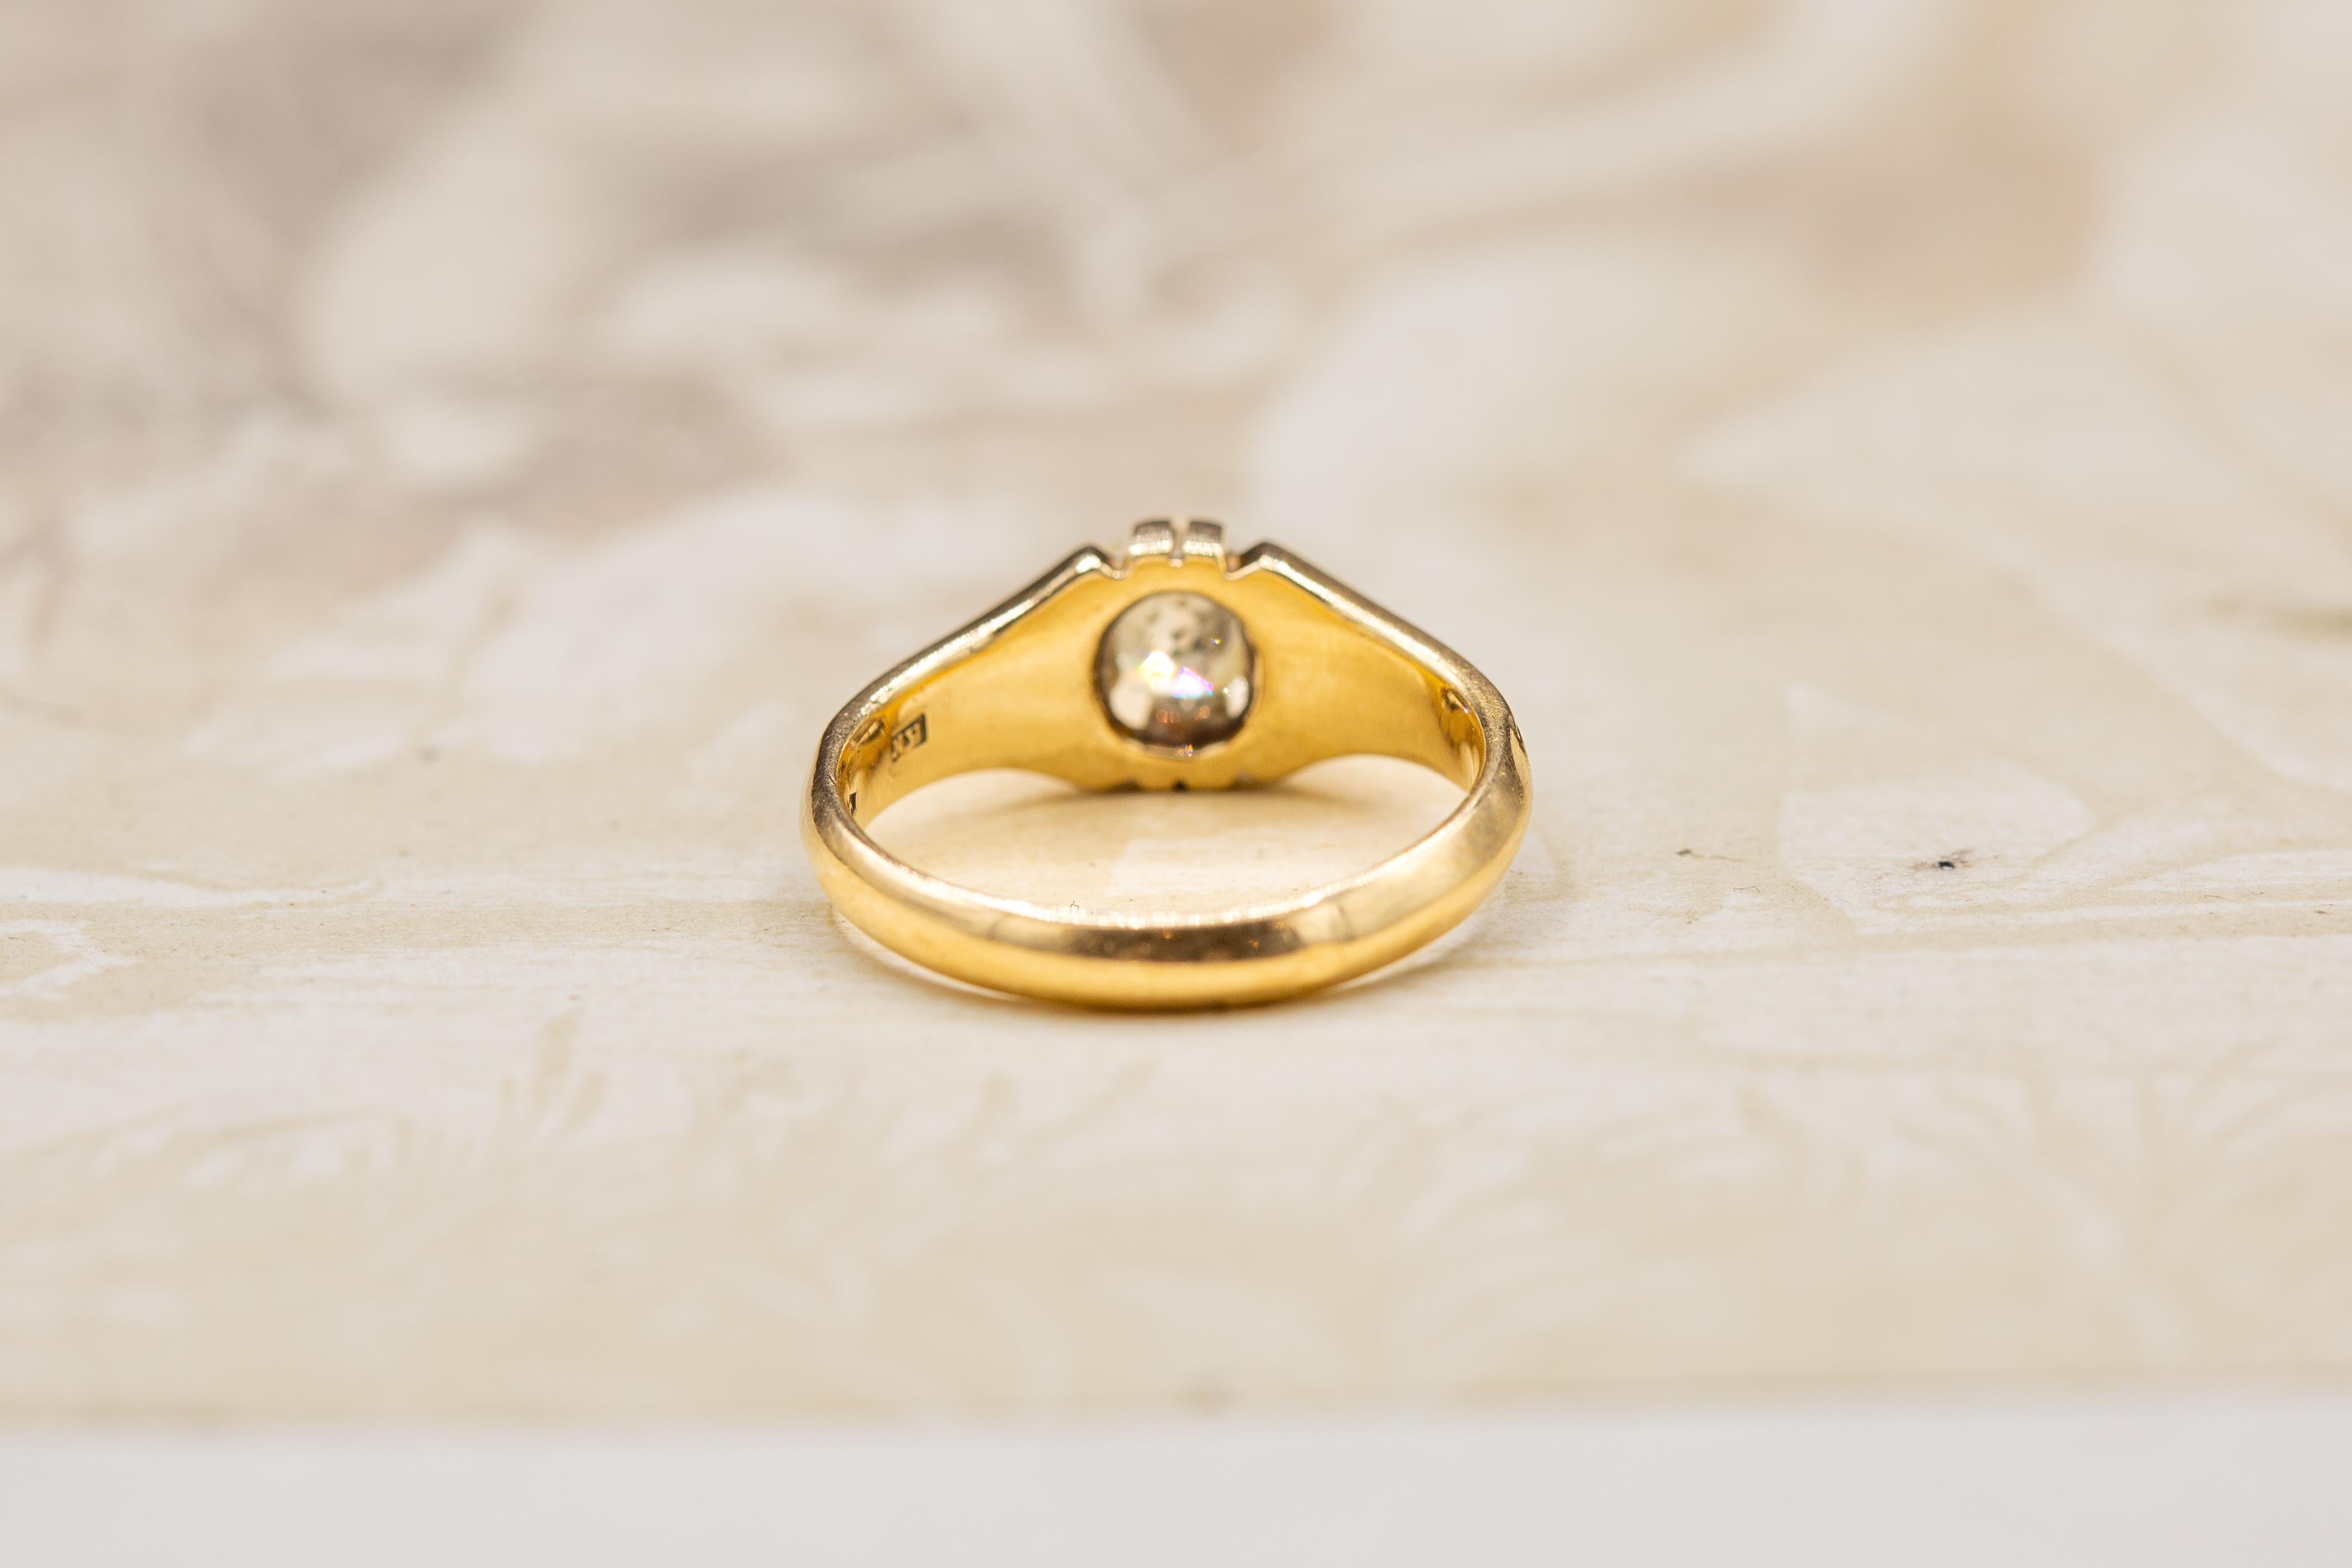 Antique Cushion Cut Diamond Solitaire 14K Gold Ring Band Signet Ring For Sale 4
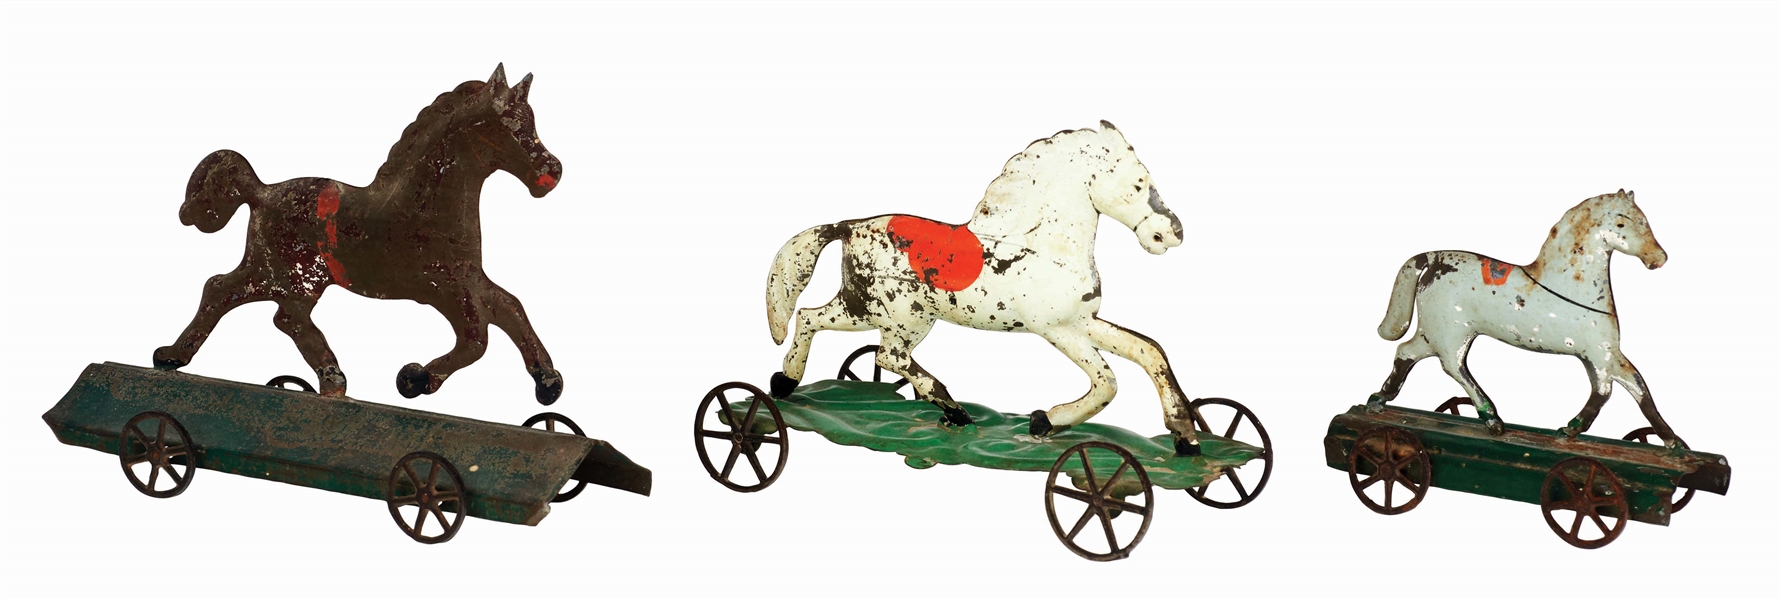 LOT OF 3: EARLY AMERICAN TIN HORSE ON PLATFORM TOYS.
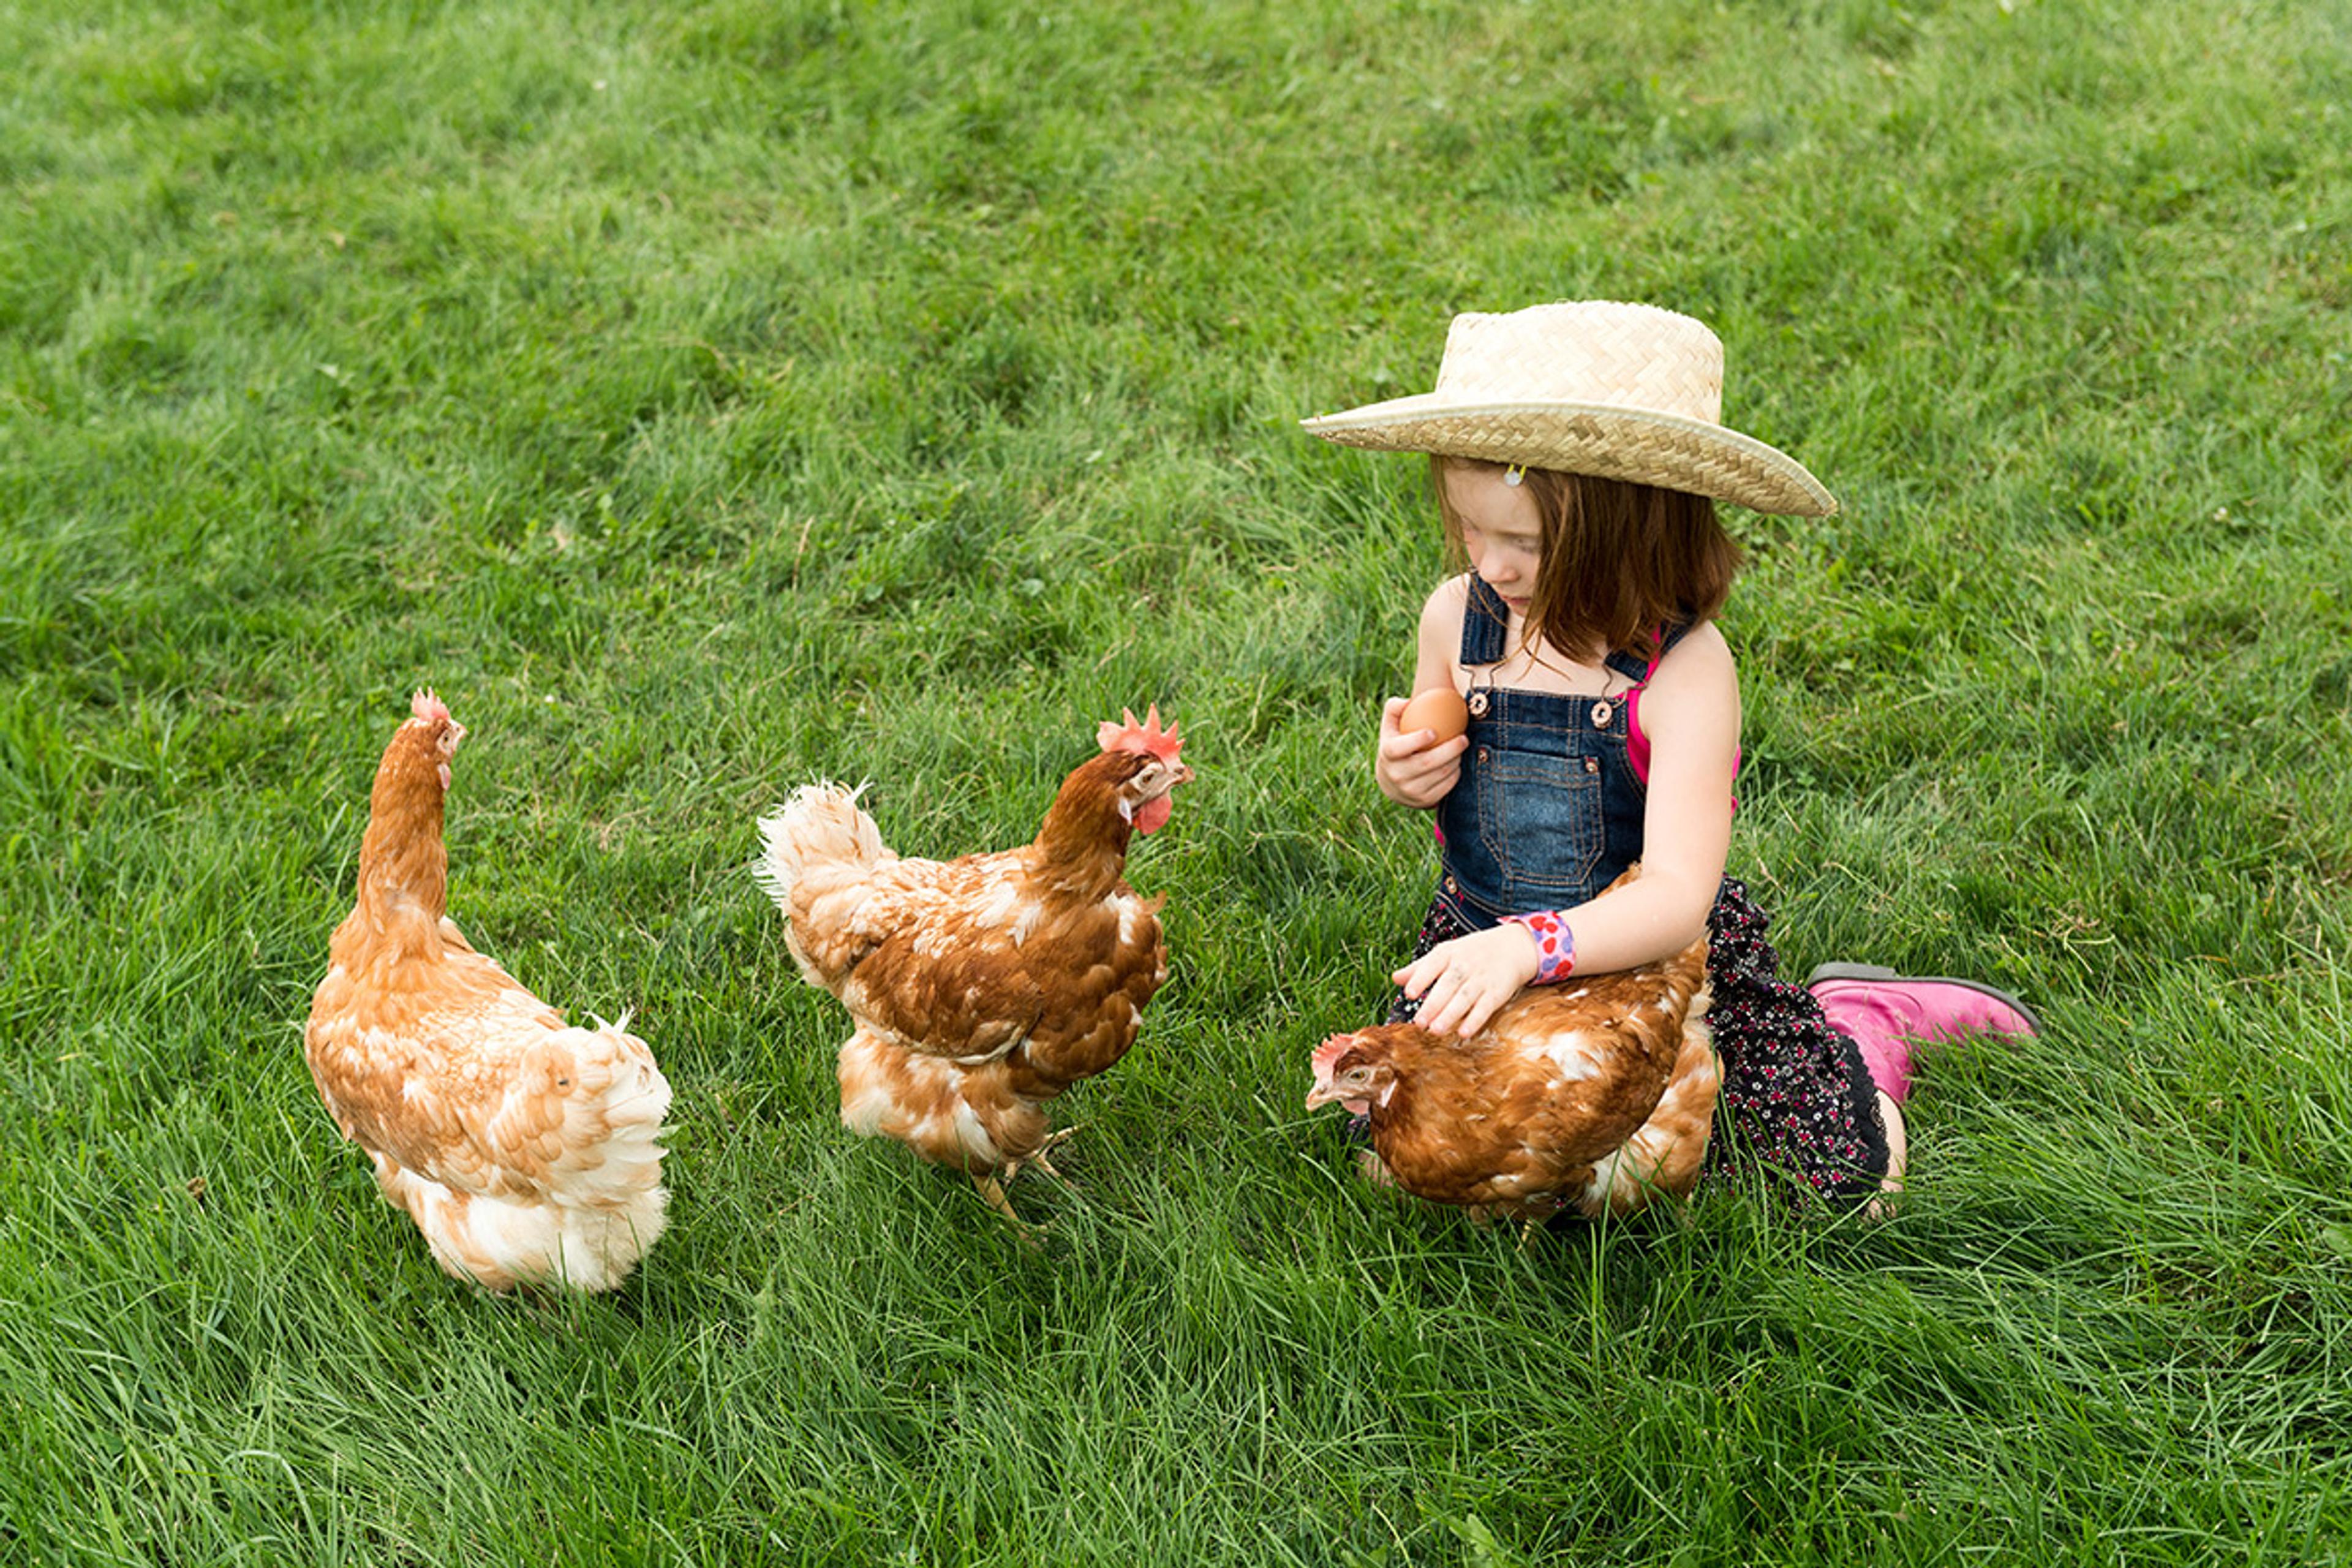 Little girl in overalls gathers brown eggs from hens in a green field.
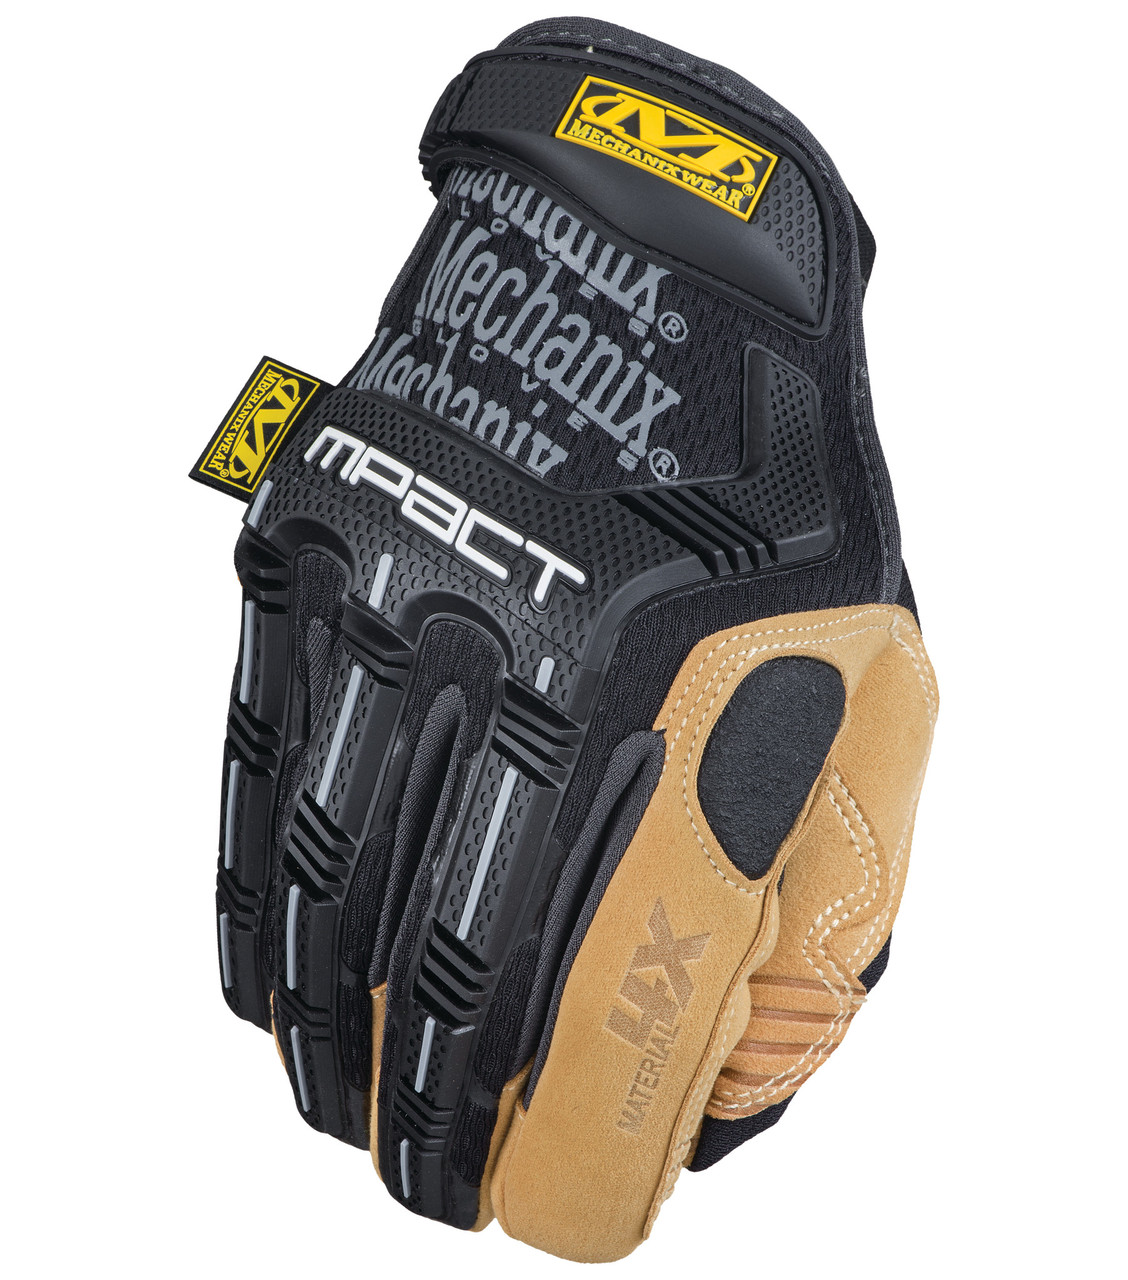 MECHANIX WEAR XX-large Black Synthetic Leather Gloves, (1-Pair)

____

Task » Without including any pictures, reproduce the data exactly.

Output »
 Antique Cushion Cut Diamond Solitaire 14K Gold Ring Band Signet Ring For Sale 4
 LOT OF 3: EARLY AMERICAN TIN HORSE ON PLATFORM TOYS.
 Little girl in overalls gathers brown eggs from hens in a green field.
 MECHANIX WEAR XX-large Black Synthetic Leather Gloves, (1-Pair)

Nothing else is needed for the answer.